Nearly Legal: Housing Law News and Comment

So now Gopee, walk out the door

There are new cases to report on – the Court of Appeal on suitability reviews and the PSED and the Upper Tribunal on leasehold works charges, fire resistant doors and disrepair – but those will have to wait for a couple of days. I’ve got places to be and people to sue in the meantime…

But there is always time to catch up with our favourite illegal moneylender, Dharam Prakash Gopee (sometimes Ghopee). Regular readers will recall how Mr Gopee, via s string of companies, would make loans at extortionate interest rates to, typically, low earning people desperately trying to keep their right to buy homes. Mr Gopee’s loans were secured on the properties and possession claims would follow when the borrowers, inevitably, defaulted. The trouble for Mr Gopee is that none of Mr Gopee’s companies were licensed (except for one that was struck off many years ago) and none of the loans were Consumer Credit Act compliant.

There were extensive proceedings in the Mercantile Court, in which various borrowers, often in person, sought to appeal or set aside possession orders. Those are now on hold, I believe, as all Mr Gopee’s companies were put into administration. I can’t go into the full and extraordinary history of these proceedings (and Mr Gopee’s predatory activities), but lots of past posts and some dreadful title puns can be found here (most recent first). The scale of Mr Gopee’s activities are indicated by there being some 400 odd cases stayed in the Mercantile Court proceedings.
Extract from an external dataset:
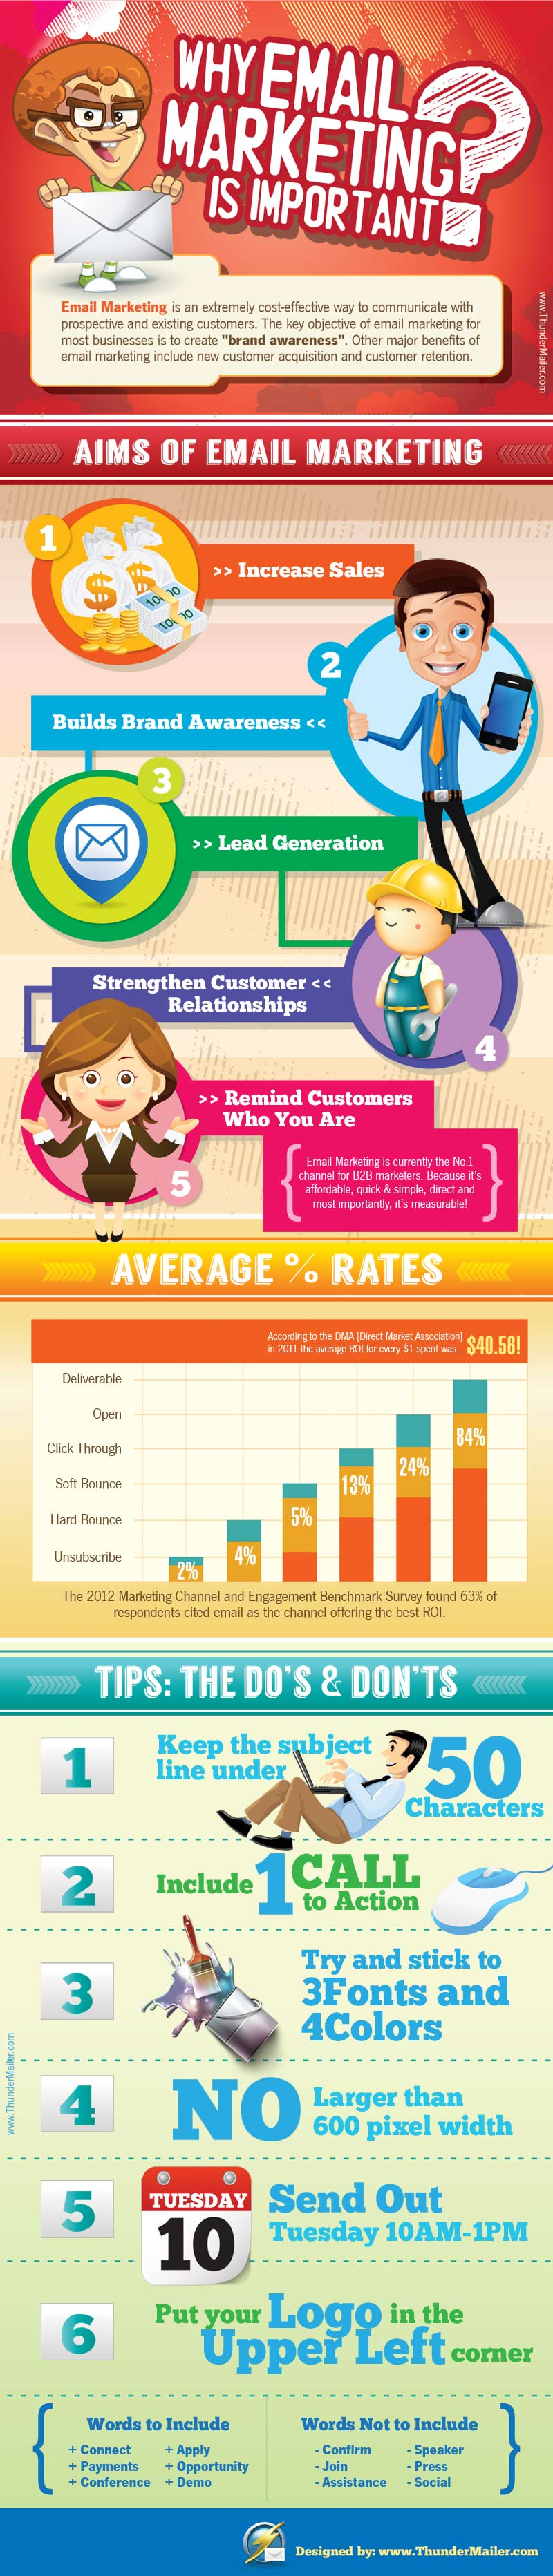 Perché l'email marketing è importante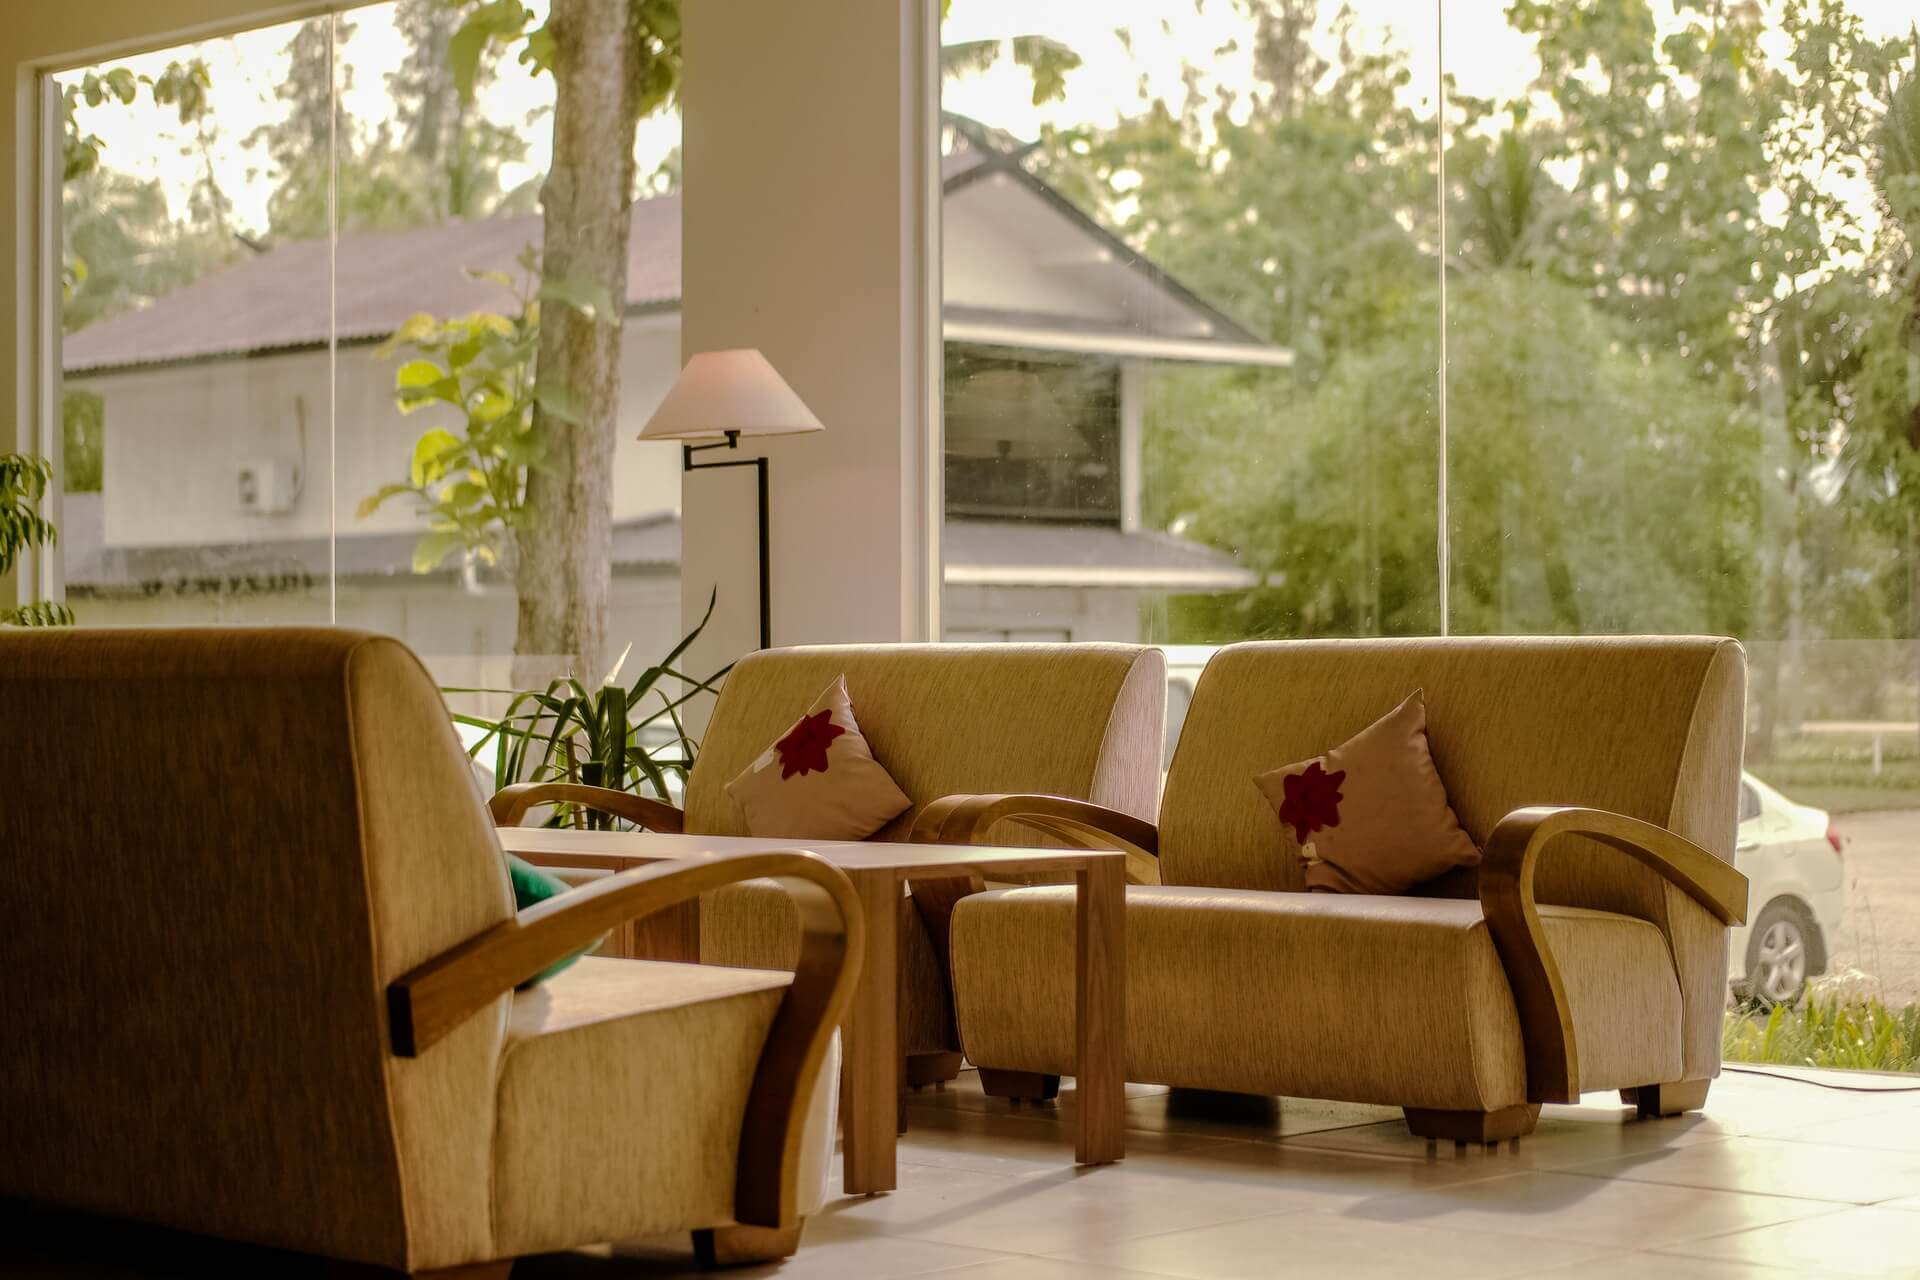 ohrensessel mit hocker kariert cheap with ohrensessel mit hocker kariert ohrensessel mit. Black Bedroom Furniture Sets. Home Design Ideas

Now comes news that not only has Mr Gopee been banned from being a company director for the maximum period of 15 years, but that he is being prosecuted by the FCA – their first ever prosecution.

He is facing charges of offences under the Consumer Credit Act 1974 and the Financial Services and Markets Act 2000. The FCA estimates illegal loans of some £1 million in the last 4 years.

We will await news of the prosecution and its outcome with interest.

Now, as I understand it, the administrators of his former companies still need to sort out the many, many charges Gopee registered on his victims’ properties on the back of unenforceable, illegal loans, and, of course a large number of properties where he obtained possession orders.